И Аввакуму бы язык отсек Пилат сей в Пустозерске, да государь вступился, запретил казнить.
А лучше бы казнил!..
– Евангелист Матфей, его рука…
– Ну, полно, не юродствуй. – Елагин мягок был и потому опасен. – Не узнаю тебя. Ты прежде обличал, анафемой грозился и называл меня – Пилат, а ныне молишься за нас и говоришь смиренно… Что ты замыслил? Утек из Пустозерья, в Москву сходил и в тот же час назад. Ни мятежа не сотворил, не побуянил, ни грамоток, ни челобитных… Коль не считать сей свиток. Здесь скажешь, что тайно писано сиим письмом, или свести в подворье и поднять на дыбу?
– Здесь скажу… О Боге нашем писано, суть, о Христе и муках его смертных.
Пилат не верил, ибо невеждой был и вряд ли ведал о сути книг Приданого Софии.
– Добро, послушаю в подворье. Что скажешь там?
Стрельцы железа наложили и, взявши на веревки меж двух коней, поволокли на патриарший двор…
Весь путь к Москве из Пустозерска он шел, не прячась, и лишь дивился, что до сих пор не схвачен. И оставалось уж рукой подать, когда однажды перед утром услышал впереди неясный шум, как будто на току стучат цепами, и лишь потом крик сдавленный и детский плач.
– Не бейте тятю!..
Ему бы в сторону да по кривой дорожке, но Аввакум от роду не вилял, когда случалась драка иль какая распря. Напротив, подоткнув подол за пояс, поддернув рукава, кидался в гущу. И что там сан духовный и долг отеческий? Сие потом, при шапочном разборе: кого утешить или пожурить, кому кнутом воздать, чтобы в кулачной схватке не вынимал ножа, побитому так раны подлечить…
И в сей же час он не ушел с дороги, прибавил шагу и вскорости позрел не драку, а разбой. Три лиходея повозку брали. Должно быть, сельский шорник к утру на ярмарку стремился, вез свой товар нехитрый, и тут его подстерегли. Один коня уж выпряг, чтоб увести, другой в телеге рылся, а третий, шорника распнув между колес вожжами, клешнями бил и что-то требовал:
– Отдай! Иль голову снесу! Что было на гайтане?
А чуть поодаль – отрок, верно, сын. Валялся на земле и плакал:
– Возьмите все – не убивайте тятю! Ужели нет креста!..
– Да нет креста на вас! – взревел распоп и, выступив из дыма, в мгновенье ока с плеча ударил первого.
Тот выпустил узду и повалился навзничь, как будто не стоял, и токмо шапка покатилась. Второй попятился, в руках хомут, корзина, глаза на лоб – ему досталось с разворота в ухо. Разбойник опустился в пыль и, как пивной котел, забулькал, заскворчал и ухнул на бок.
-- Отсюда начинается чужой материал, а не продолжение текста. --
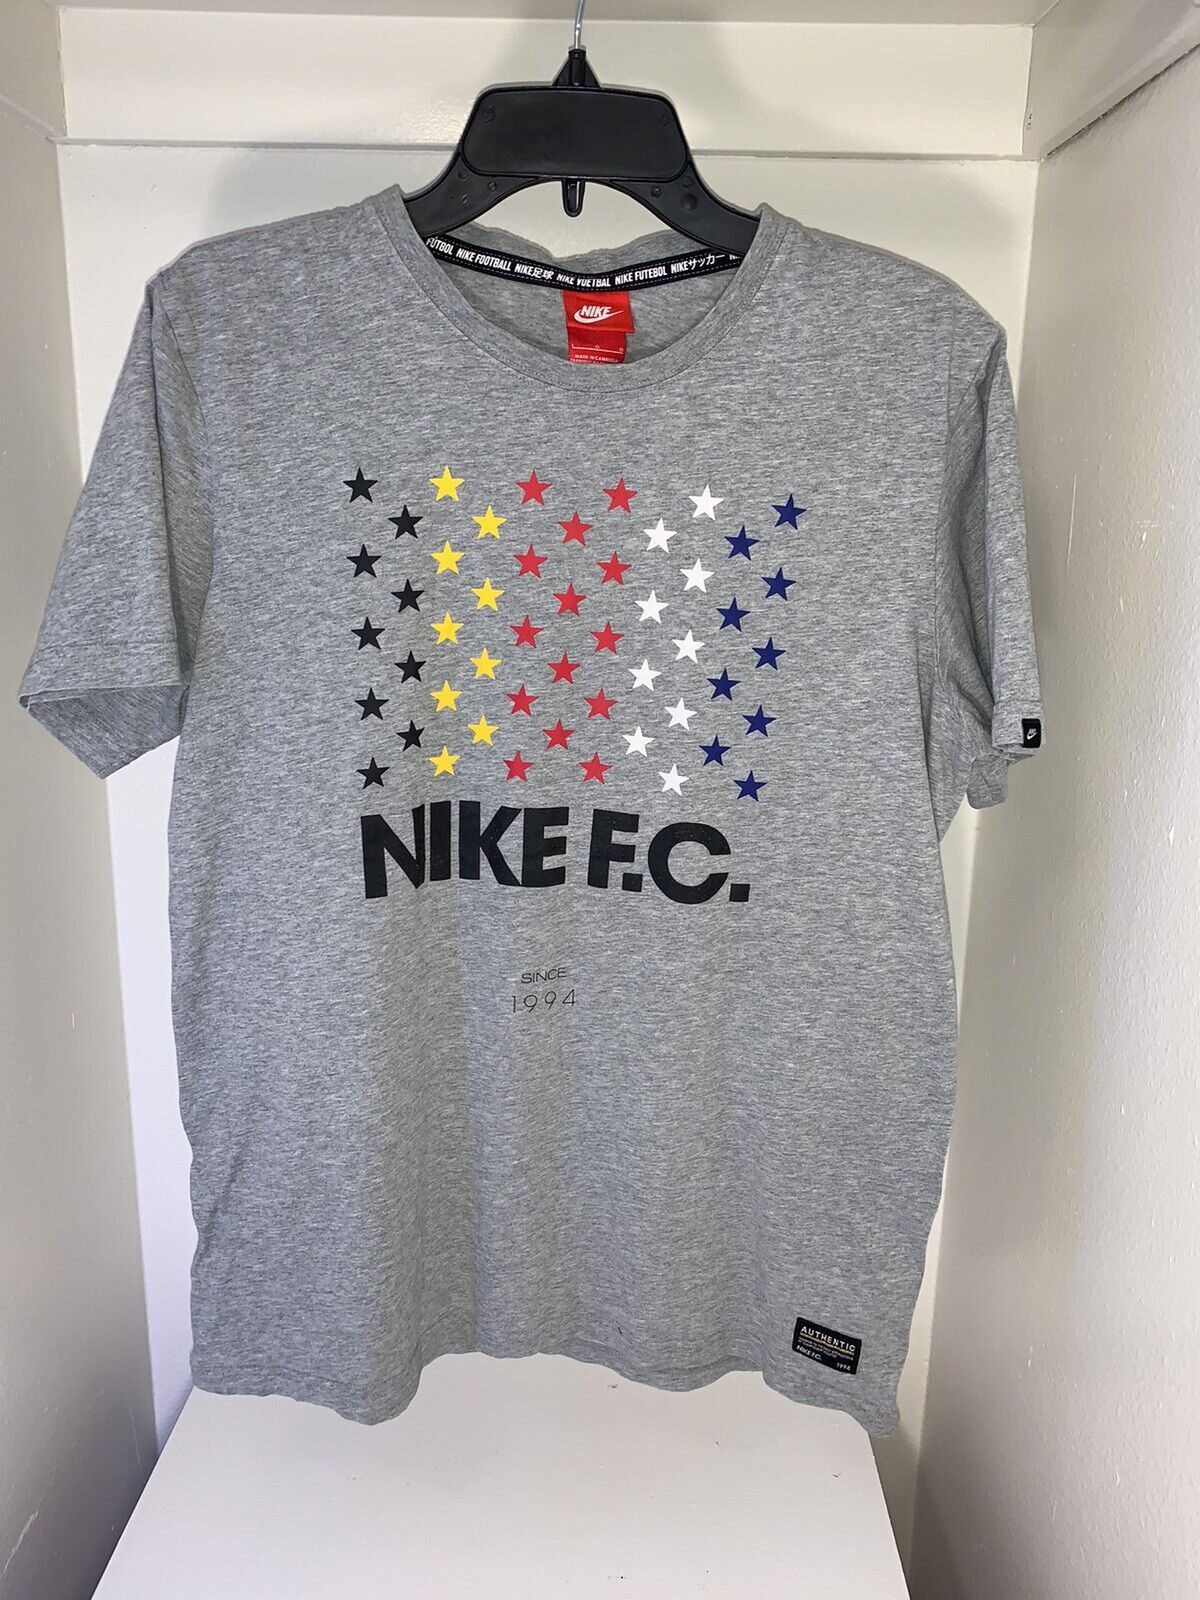 nike fc 1994 t shirt - image 1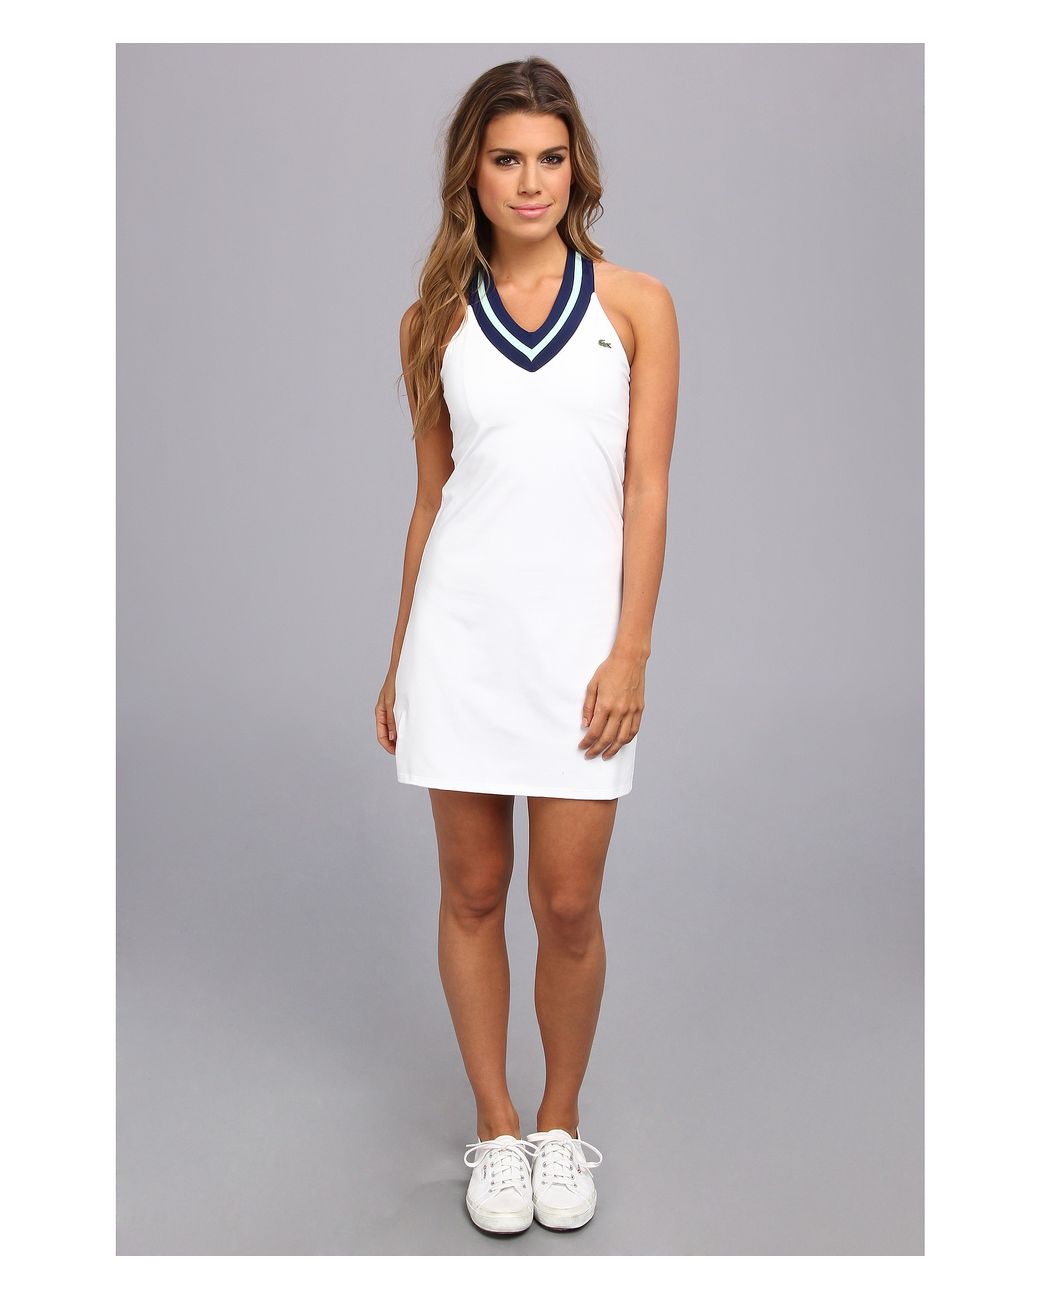 Lacoste Sleeveless Technical Vneck Tennis Dress in Blue | Lyst

Но тот, что мучил шорника, топор из-за спины достал и ринулся на Аввакума. Хоть ростом не высок, но ловок и настолько злобен, что пламень бьет из глаз и пена на устах вскипает!
– Изыди, сатана! – вскричал тут пустозерский узник, но не крестом оборонился, а потянул оглоблю. – Ужо вот я тебя!..
И чудом уберегся! Скуфью смахнуло топором и темень скребануло. Оглобля не далась, не оторвать завертки, а боле пусто под руками! И крест един – нательный…
Еще бы миг, трактовый лиходей срубил в затычку на сосуде, разбил оковы и отпустил на волю страдающую душу. Однако же Господь вступился, знать, не пришел тот час и путь мучений не прервался. Вдруг подвернулся камень – голыш замшелый, придорожный, ухватистый для длани…
Сей камень брошен был! Топор разбойника круг совершил по воздуху и лезвием воткнулся в сырую землю, конь всхрапнул, а шорник, с силами собравшись, с голгофы оторвался и в тот же час исчез в туманном смраде.
– Эй, куда ты, православный!..
И вслед за топором, как будто бы в земном поклоне, грабитель ткнулся головою в пыль да так и замер. Все стихло, улеглось, унялось, и токмо отрок ползал чуть поодаль и тоскливо звал:
– Тять?.. Тятенька?.. Ты где?..
Лишенный сана протопоп крест поискал нагрудный и, не найдя, прижал ко сердцу длань, перекрестился:
– Пронес Господь…
Затем скуфейку поднял, отряхнулся и глас услышал:
– Не убий…
Два первых лиходея пришли в себя, зашевелились, встали на карачки – глаза чумньге, страх. Один хотел бежать, однако третьего узрел, позвал тихонько:
– Брат?.. Эй, братка?.. Жив?
Тот все стоял коленопреклоненным и мордой в землю, по праву руку топор торчит, по леву – камень. Разбойники его подмышки, распрямили и, озираясь в страхе, прочь потащили, и вроде бы не волоком – перебирал ногами, знать, жив…
– Пронес Господь!
А голос снова Аввакуму был:
– Я заповедал – не убий…
И ровно плетью подстегнул! Бежать бы не пристало ни с места драки, ни от греха, коли такой случился, да нога сами несли по большаку, покуда впереди из предрассветной мглы село не показалось. А к сему часу и людей прибавилось, суть пеших конных, и все к Москве спешат, кто с чем, от всех не отвернешь, и Аввакум, сойдя с дороги, окольно двинулся. Сомненья боле не терзали – ей-ей убить не мог, а токмо оглушил, уж больно малый камень, чтоб череп проломить. Знать будет, лиходей, как грабить! Вовек не выйдет на большак, закажет чадам, внукам…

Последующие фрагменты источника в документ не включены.